Refers to mismatch repair or recombinational repair

24
Q

Which 2 pathways are the major ways in which DNA damage is repaired?

A

Base excision pathway and nucleotide excision pathway

25
Q

What is the most electron rich base?

A

Guanine

26
Q

Explain fully the base excision pathway

A
  1. DNA gycosylase splits bond between base and sugar
  2. AP endonuclease causes a gap in the sugar-phosphate backbone by splitting DNA strand
  3. DNA polymerase fills in missing base
  4. DNA ligase seals the DNA by adding a backbone to repair the DNA
27
Q

Explain fully the Nucleotide excision pathway

A
  1. Endonuclease make 2 cuts, either side of the site of DNA damage
  2. Helicase removes this patch - leaving behind double stranded DNA with a patch missing
  3. DNA Polymerase replaces the bases
  4. DNA ligase seals the DNA to repair the DNA
28
Q

Explain how it is determined if a chemical is carcinogenic (tiered approach)

A
  1. Structural alerts
  2. In vitro bacterial gene mutation assay
  3. Mammalian cell assay in Vitro
  4. In vivo mammalian assay - bone marrow micronucleus test
  5. Investigative in vivo mammalian assay
29
Q

Give an example of in vitro bacterial gene mutation assay

A

e.g.
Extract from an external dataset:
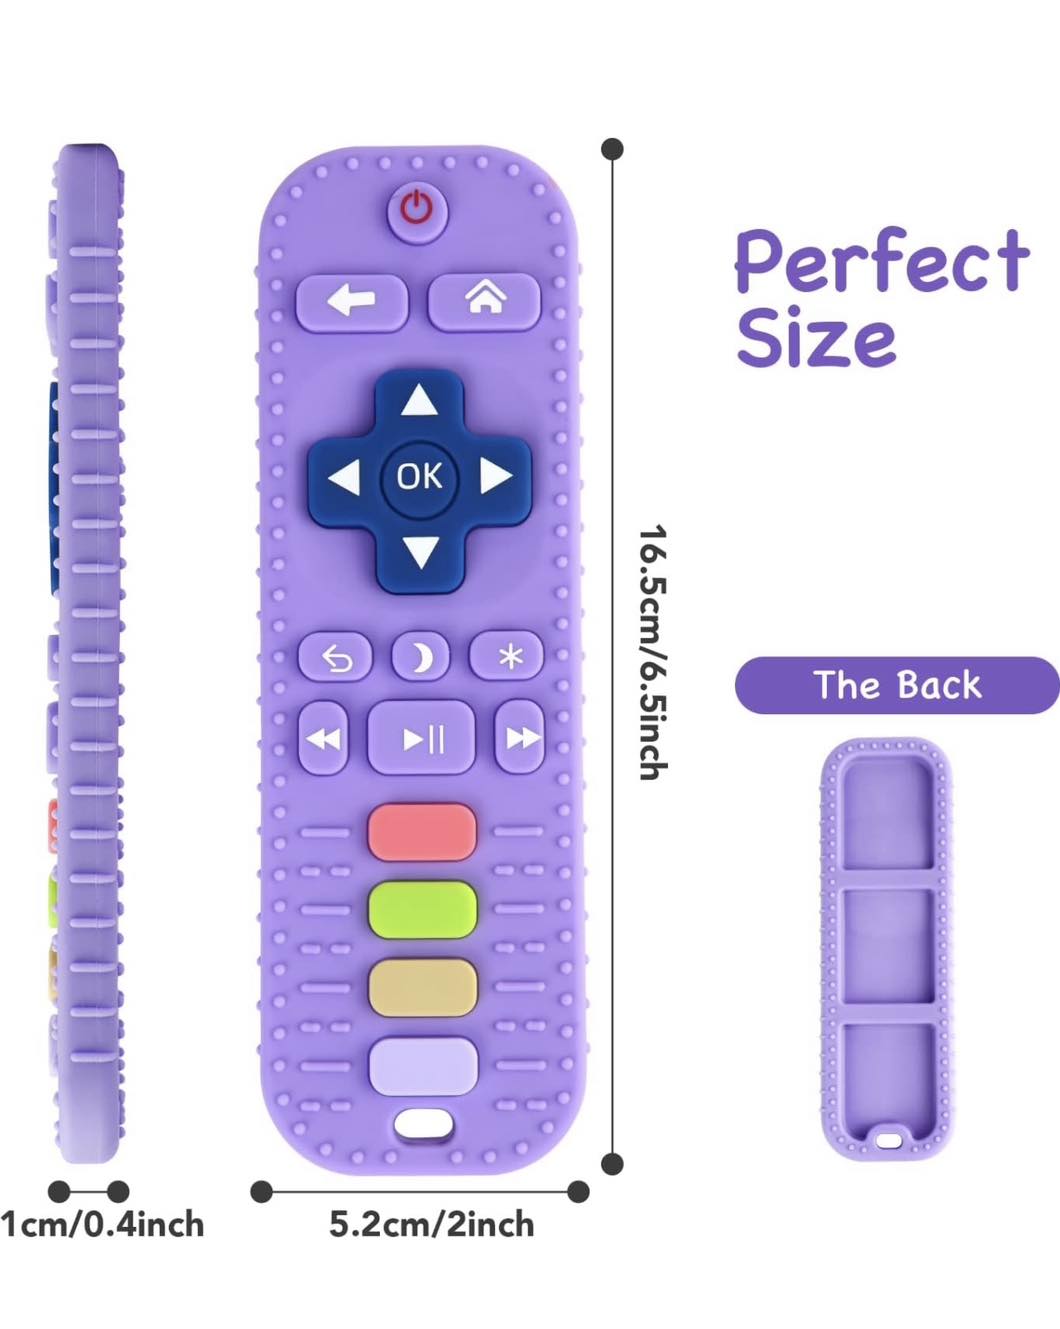 Baby Remote Control Shaped Silicone Teether Type 1 (3m+)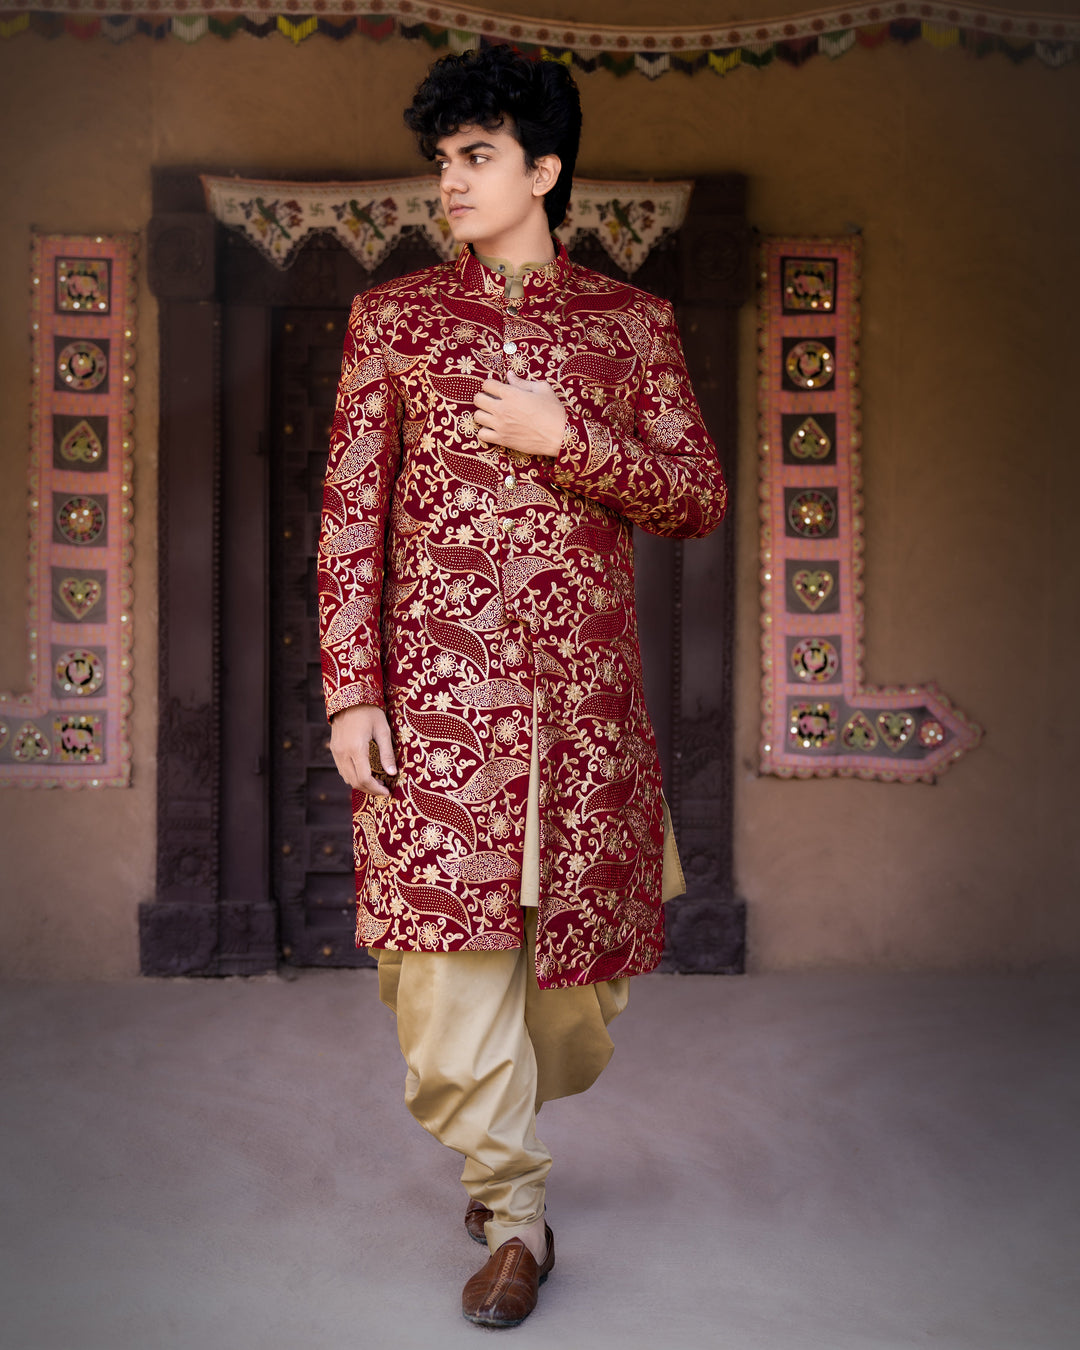 8 Ethnic Wear Ideas for Men to Rock All Occasions

Ames test for mutagenicity of chemicals

30
Q

Explain the Ames test for mutagenicity

A
  1. Chemical “stew” incubated with rat liver enzyme (containing p450 to metabolise it)
  2. Bacteria that DOES NOT produce histidine used - typically salmonella typhimurium
  3. IF cell is mutated to be able to produce histidine, colonies start forming
  4. Number of colonies proportional to DNA damaging capability of the mutagen
31
Q

Chromosomal aberrations are detected how?

A

Mammalian cells treated with chemicals in presence of liver S9. Look for chromosomal damage.